Conflict of interest: None declared.

Figures

Figure 1.
Figure 1.
A hypothetical mechanism underlying the pulmonary vascular remodelling in highlanders, chronic obstructive pulmonary disease (COPD) patients and idiopathic pulmonary arterial hypertension (IPAH) patients. In healthy highlanders, long-term alveolar hypoxia can cause pulmonary vascular alterations, including medial wall thickening and muscularisation of nonmuscularised arterioles with proliferative smooth muscle-like cells (SMLCs). These are caused by the high fluid shear stress owing to hypoxic pulmonary vasoconstriction (HPV), resulting in an elevated pulmonary arterial pressure.

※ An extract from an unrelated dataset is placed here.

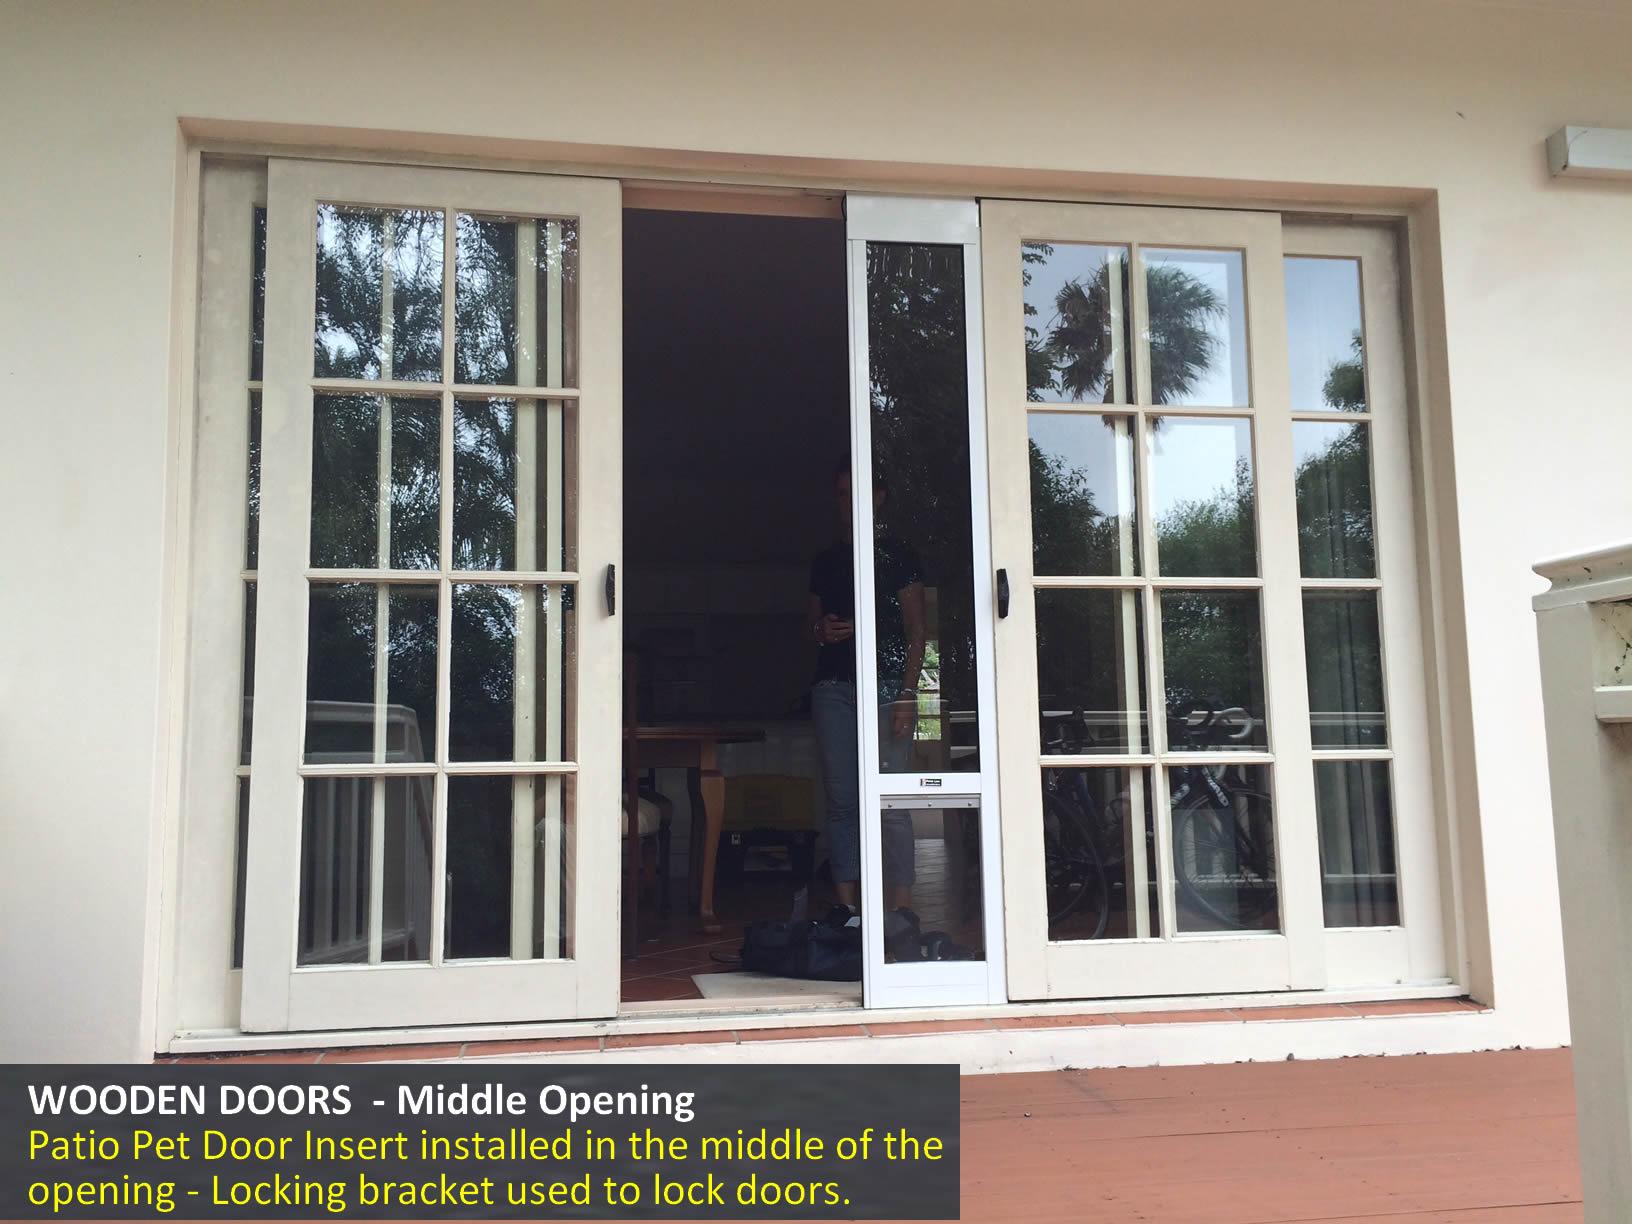 Wooden Doors - Middle Opening

In the patients with COPD, both vascular injuries caused by toxic agents and airborne particulates, including tobacco smoke, and the haemodynamic changes induced by the hypoxic condition resulting from the parenchymal destruction and the decreased vascular bed, may have a role in inducing the neointimal lesions consisting of proliferative SMLCs in the pulmonary muscular arteries. These lesions are different from the pulmonary vascular alterations seen in highlanders and in the pulmonary hypertension models induced by chronic hypoxic exposure alone. In the patients with IPAH, the defining pulmonary vascular alterations are complex vascular lesions consisting of phenotypically altered and proliferating endothelial-like cells (ELCs). The distinction between the pathological features in IPAH and COPD seems to largely be the presence or absence of complex vascular lesions with phenotypically altered and proliferating ELCs. EC: endothelial cell; SMC: smooth muscle cell.